We looked at some tools that can aid participation. In particular, techniques for social data gathering (Pie charts, Venn diagrams, Flow diagrams) and spatial mapping (of the human body and geographic areas).

I found the example of Westfield constructing a new shopping centre in Stratford quite interesting - residents are being asked "How do you want this shopping centre?" rather than "Do you want this shopping centre?" Leading questions!

The second half of the workshop involved a group exercise. Given a post-Tsunami scenario replicating a Southern Indian village, each person was given a character/role and in increasingly larger groups of increasingly conflicting interests we had to identify and prioritise the top "needs" of the village.

Lesson learnt: Think positively - begin by grouping commonalities rather than shooting down anomalies.

The Land of Opportunity

Pakistan.

"... It all seems quite feasible in a land where a once corrupt, polo playing landowner awaiting trial in a prison cell, has recently experienced a miraculous change of fortune and now rules the country as president-elect.

Many people here aren't as lucky..."


(Source: Article entitled 'Glimpses of the Punjab' by Tahseen Chaudhry found in the April 2009 issue of 'emel - the muslim lifestyle magazine')

Couldn't have said it better myself.

Monday, 6 April 2009

Win/Win

"Win/Win is a belief in the Third Alternative.
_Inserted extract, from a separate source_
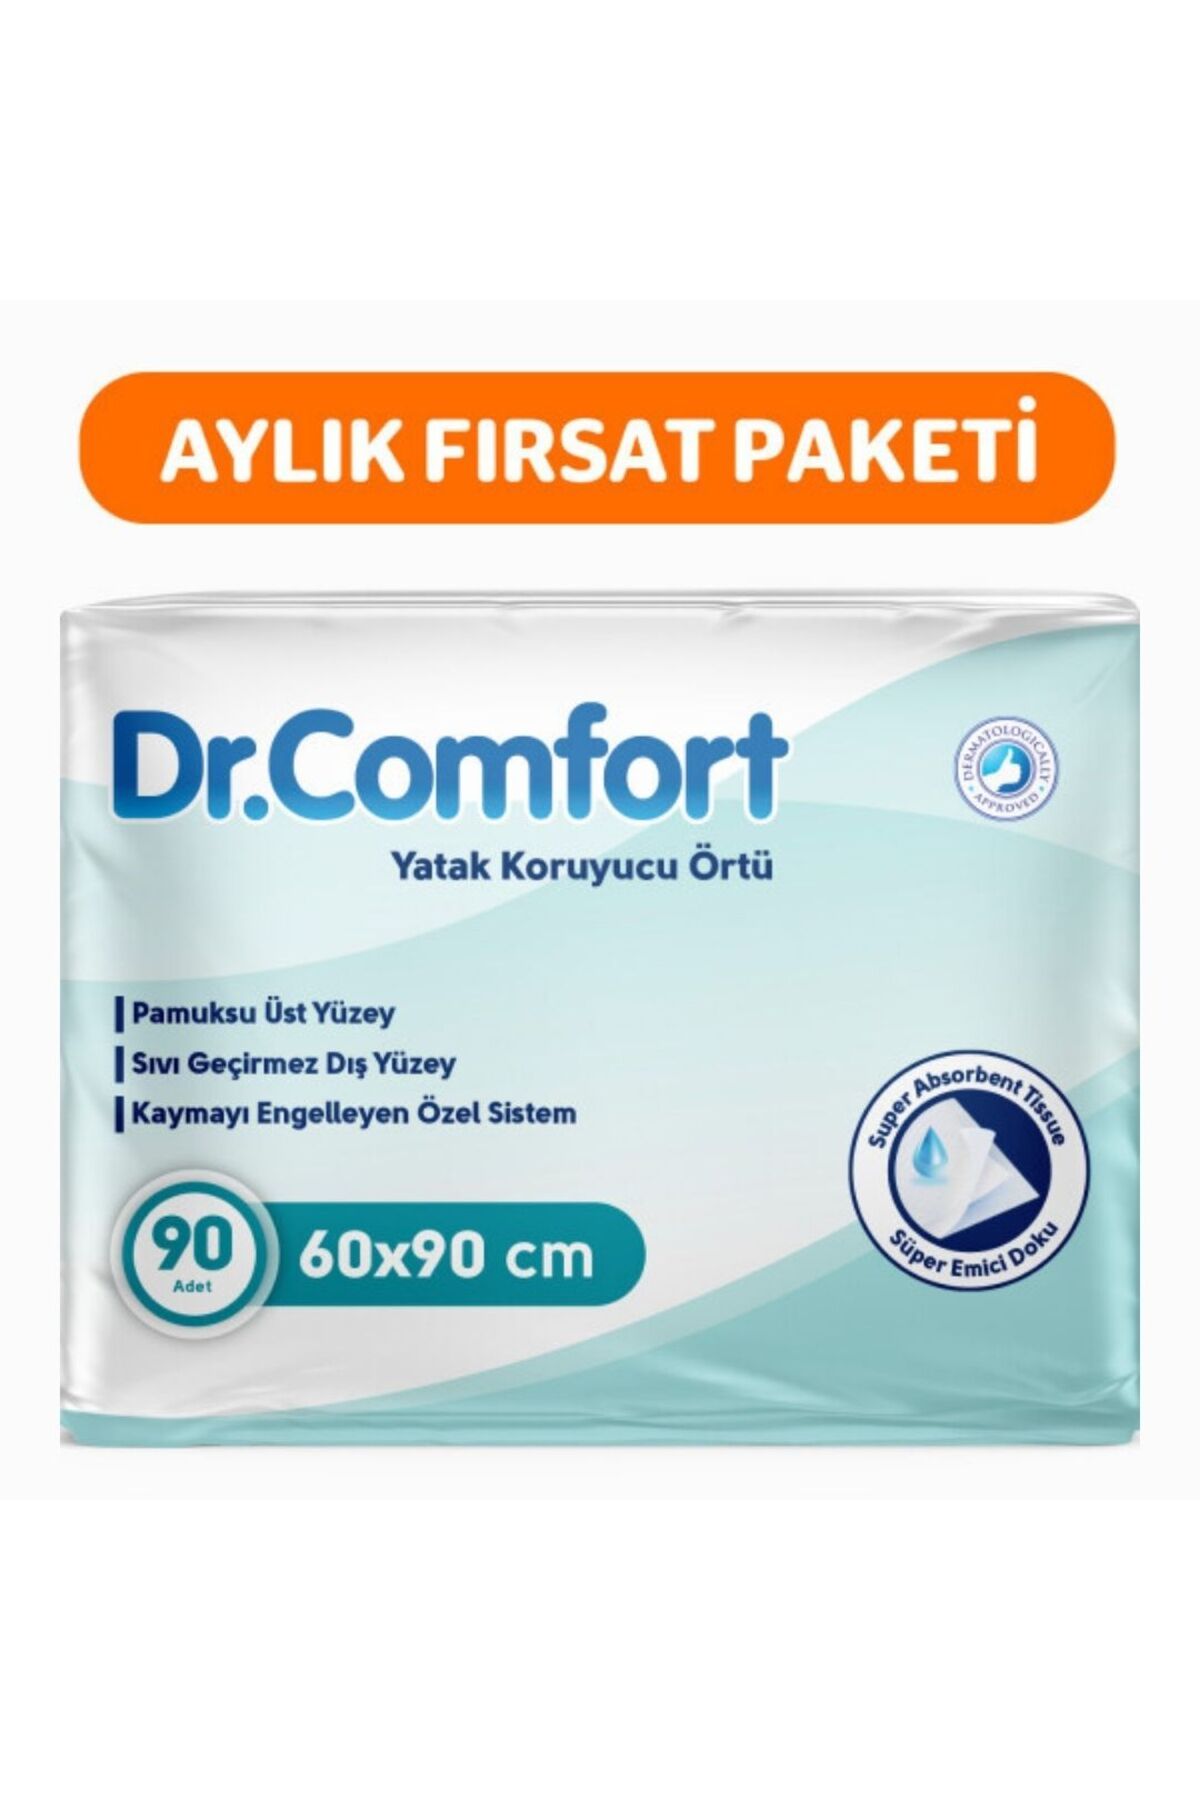 Dr.Comfort Dr Comfort 60x90 Yatak Koruyucu Örtü 90 Adet

It's not your way or my way; it's a better way, a higher way."

"Competition, not cooperation, lies at the core of the educational process. Cooperation, in fact, is usually associated with cheating."

"With 'No Deal' as an option, you can honestly say, 'I only want to go for Win/Win. I want to win, and I want you to win...'."

(Source: 'The 7 Habits of Highly Effective People')

The above advice is for settings of interdependency. Cooperate to create interdependency.

The alternatives: "Win/Lose" ("I get my way; you don't get yours"), "Lose/Win" ("Go ahead. Have your way with me"), "Lose/Lose" ("We both lose"), "Win" ("I secure my own ends - and leave it to you to secure yours").